Но я точно уверен, скажу более – осведомлён, что была у меня моя жизнь до четырнадцатого апреля: жизнь простая, обыкновенная, трезвая. Я не путал ушедший день с новоявленным, не косился мнительно на обласканные полутенями заострённые черты лиц, не объяснялся сбивчиво, честно жалел и ужасался привычным нашим трагедиям, смотрел через разборчивую прозрачность воды на предоставленное в распоряжение дно. Мне всё было понятно – когда гулять, когда трудиться. Я по-душевному кашлял, когда становилось мне, как часто бывает у нас, неприятно за себя. Я хохотал, и чем глупее и пошлее была шутка – тем отвязнее зарывались голубенькие еловые веточки мне в пах и живот. Я умел читать календарь. Я вёл счёт деньгам и праздникам, даже гулял единожды на свадьбе моего не очень близкого приятеля, пригласившего меня тогда, вероятно, ради многолюдности пиршества. А я и не принял во внимание, да не обиделся тогда на эту занозу, ведь осознал её только сейчас, когда у меня появилось много пространства для подвижности ума.

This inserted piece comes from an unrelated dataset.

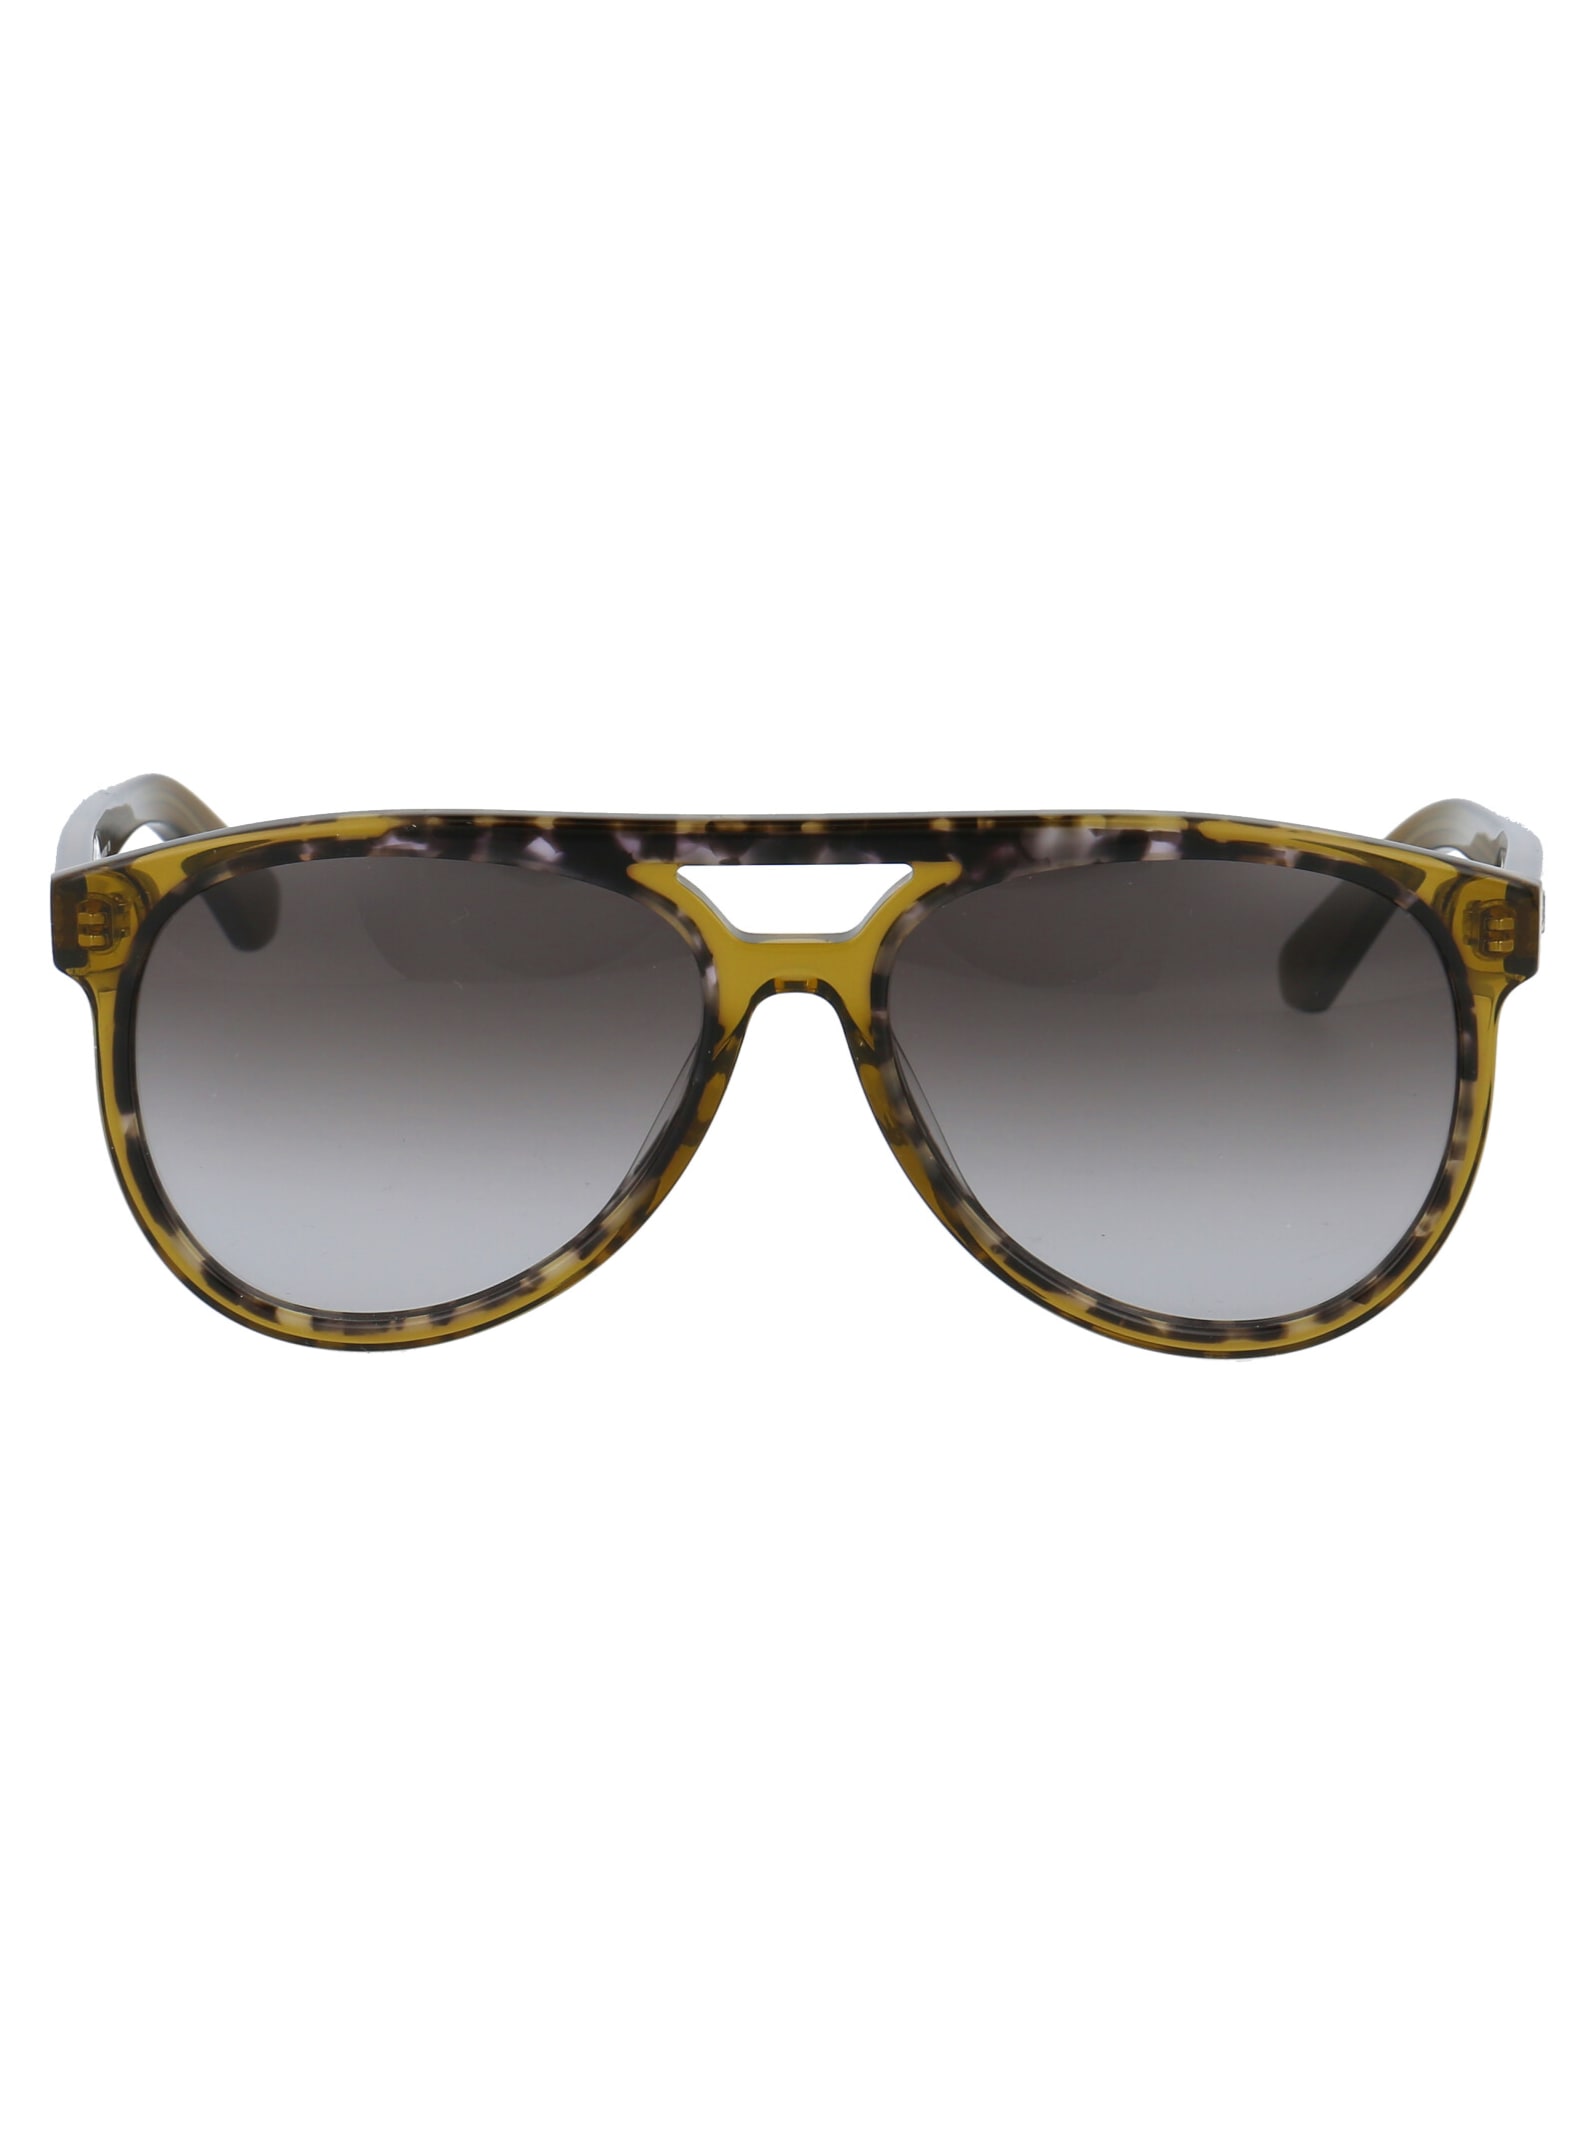 Ferragamo Sf945s Sunglasses In 055 Grey Havana/ Brown

А ум этот, между прочим, бодается совсем уж неприятно, подчас мне с трудом удаётся перевести дыхание от его толчков. Всё потому, что движения его болезненны, резки и неуместны, ведь он – калека. И потому вынужден попросить пардону за то, что скуп на подробности. Я не прячусь и не залёг на дно. Направления полётов спутались для меня. Я сержусь на флегматичное звёздное небо, потому что оно предательски неизменно. Оно отказывается чертить на себе новые схемы, давать мне подсказки, отказывается поделиться со мной хотя бы одной путеводной звездой. И от того просыпаюсь периодически и неловко от парада снов, каждый – как часть моей нарочной жизни; просыпаюсь в одной и той же тёмной комнате, из раза в раз, на том же месте. Слышу, как переливается мякоть внутри меня, знаю о наличии предметов вокруг, ощущаю звонкого комара у уха и, перелистнувшись на другой бок, опять мерещусь себе со стороны, не в силах окончить это, поскольку к самому концу теперь питаю самые веские подозрения. Я просто кашалот с застрявшим в глотке хламом, а по большому счёту – подсохшая омела, лежу в пробеле между двумя любимыми нашими лакомствами: прошлым и будущим. И покуда из этой низины есть у меня возможность плести что-то наподобие рассудка, то хочется воскресить (презираю отныне это слово!)… Лучше сказать, приподнять кое-какие факты из каталога, который я позабыл на обочине жизненной тропы.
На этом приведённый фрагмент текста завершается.